* [YOUR OBJECTIVE]
After locating the line that contains "Row of neatly" in the material below, copy that line and each one following it, exactly, up to the last line. Pictures stay out.
#### SUPPLIED INFORMATION
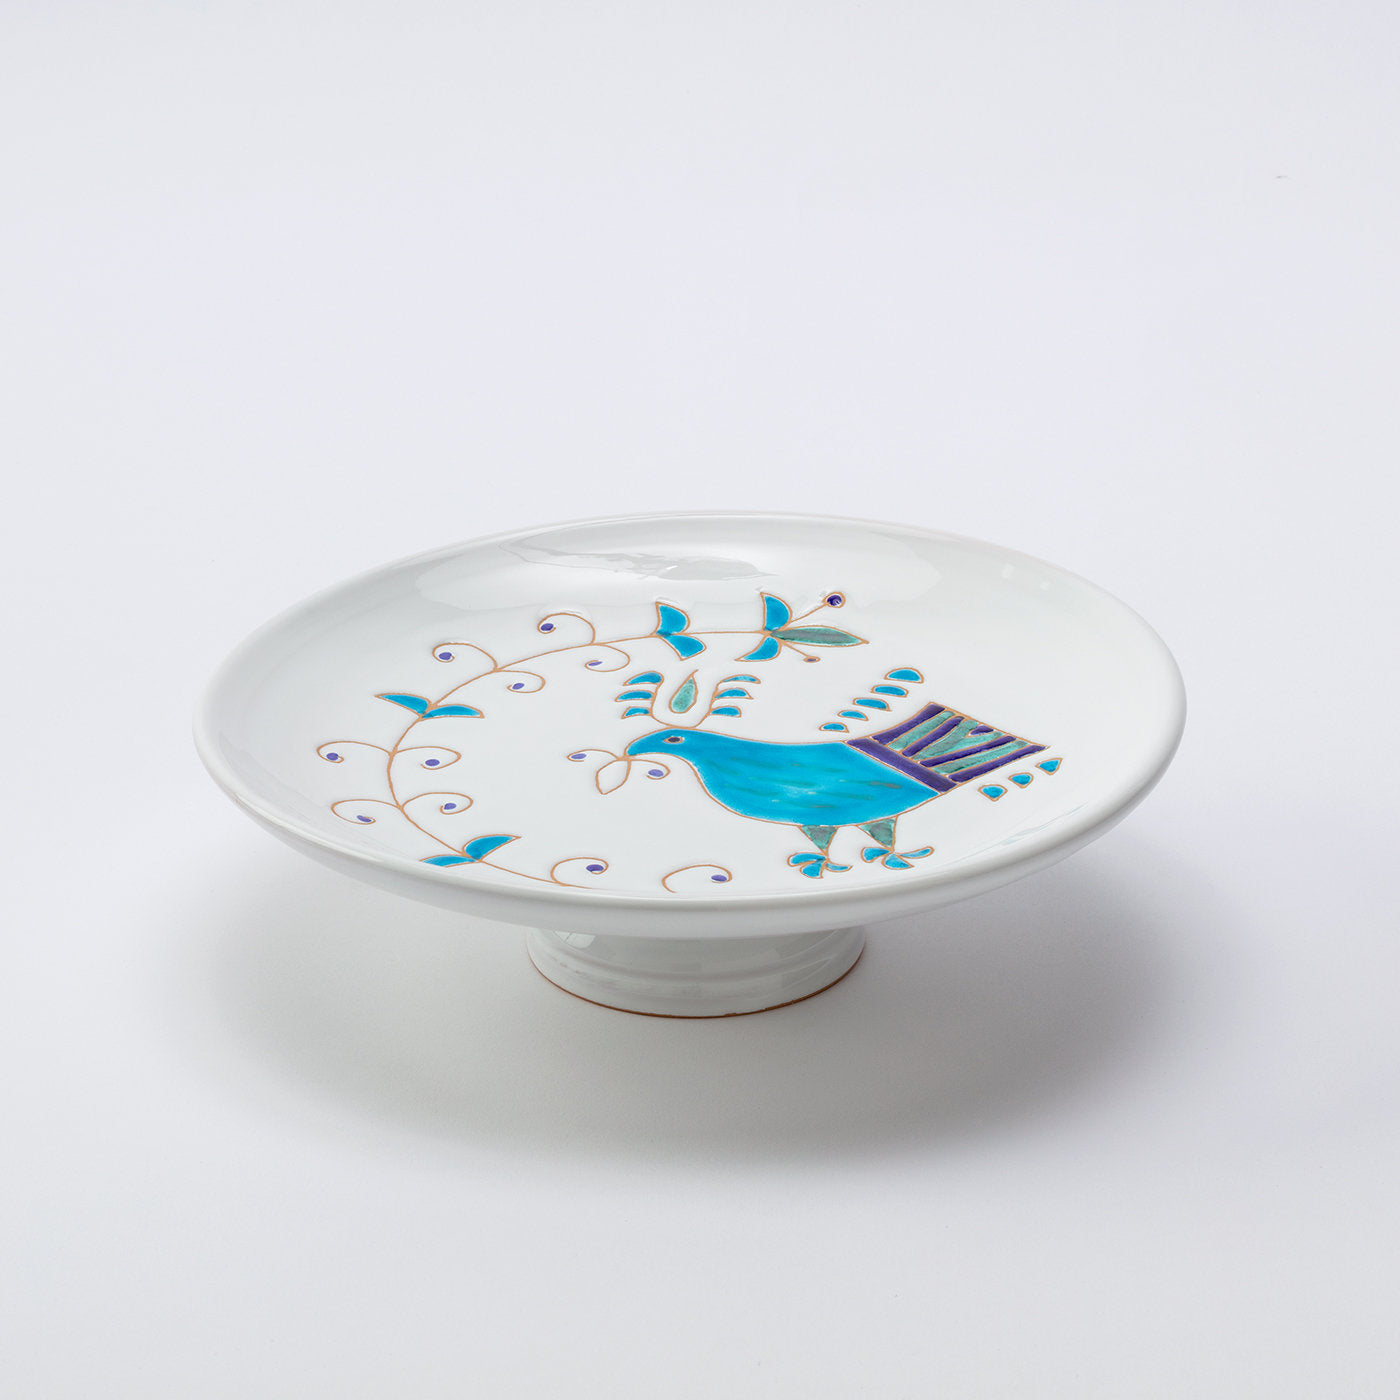 Le Pavoncelle Cake Stand - Alternative view 1
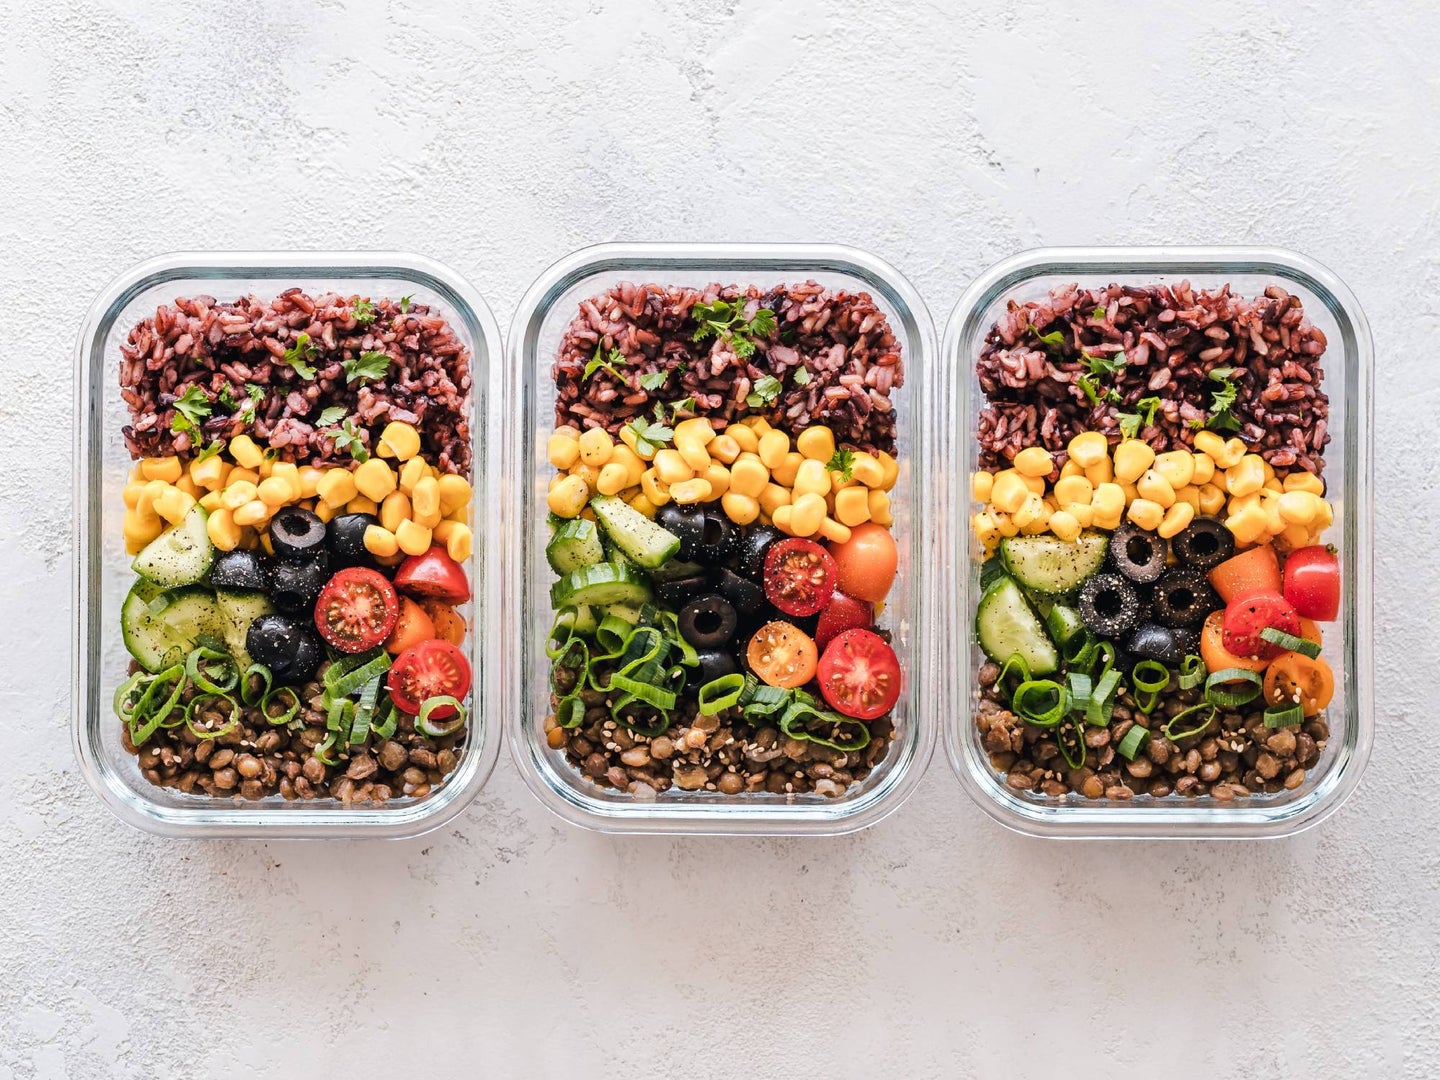 Row of neatly arranged food containers with salad.
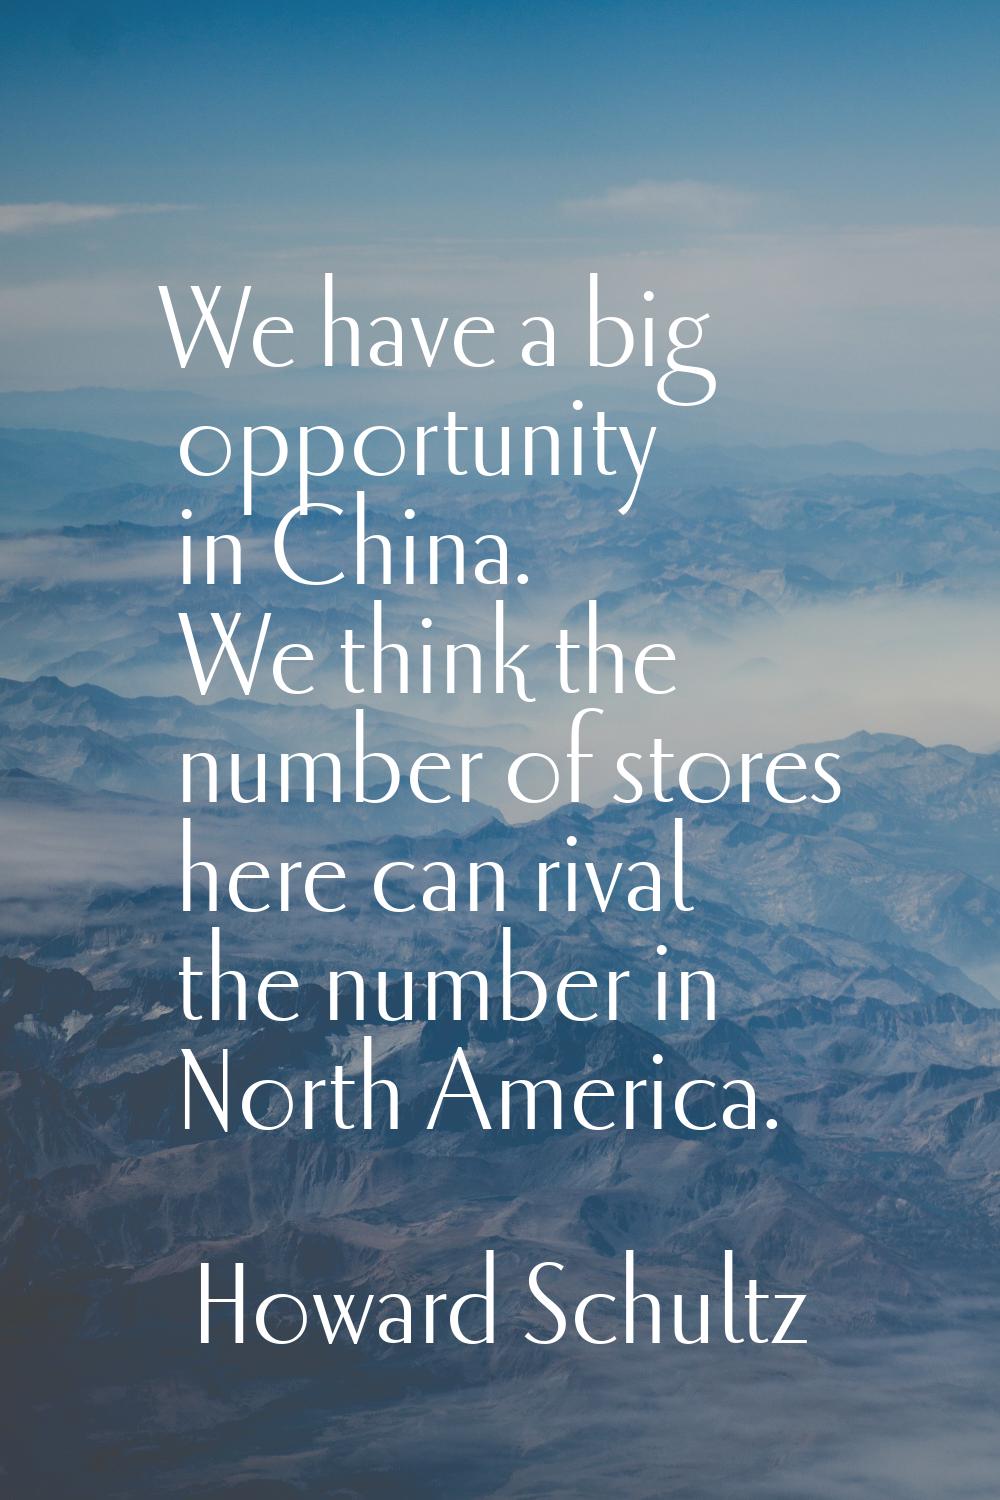 We have a big opportunity in China. We think the number of stores here can rival the number in Nort
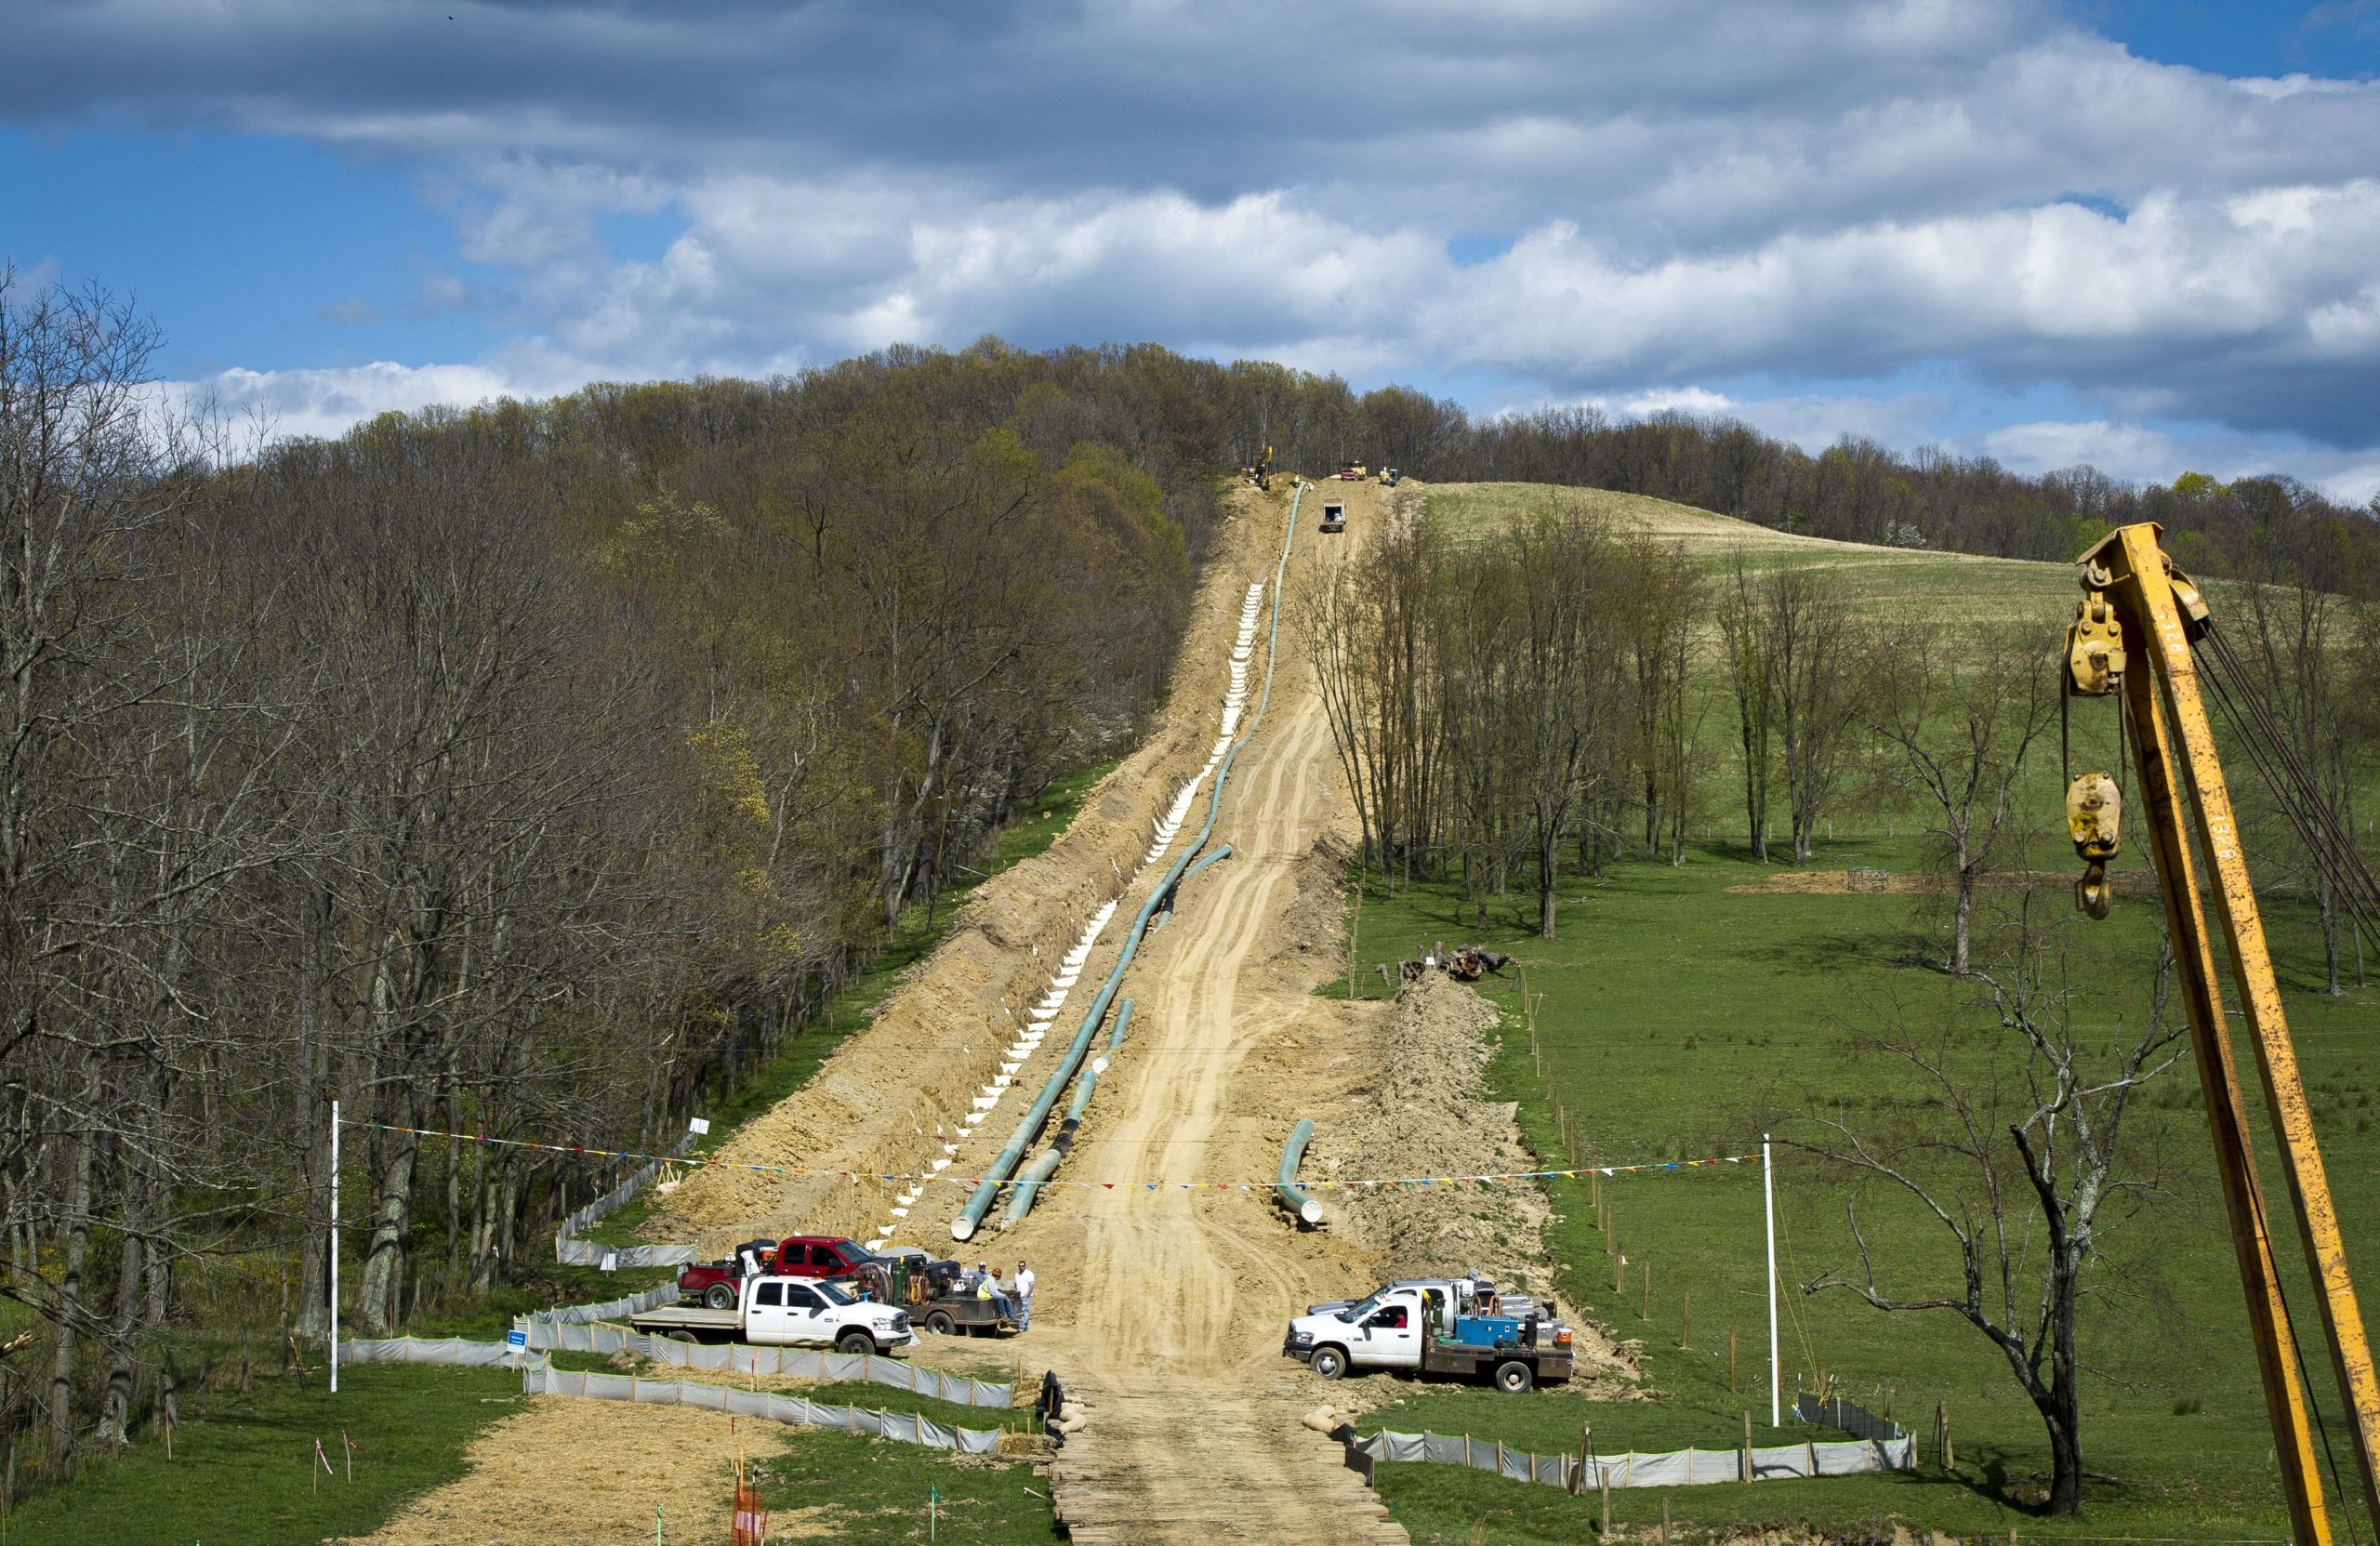 Workers construct a gas pipeline outside the town of Waynesburg, Pennsylvania on April 13, 2012. (Mladen Antonov/AFP via Getty Images)
########
* [EXPECTED OUTPUT]
 Row of neatly arranged food containers with salad.
 We have a big opportunity in China. We think the number of stores here can rival the number in Nort
 Workers construct a gas pipeline outside the town of Waynesburg, Pennsylvania on April 13, 2012. (Mladen Antonov/AFP via Getty Images)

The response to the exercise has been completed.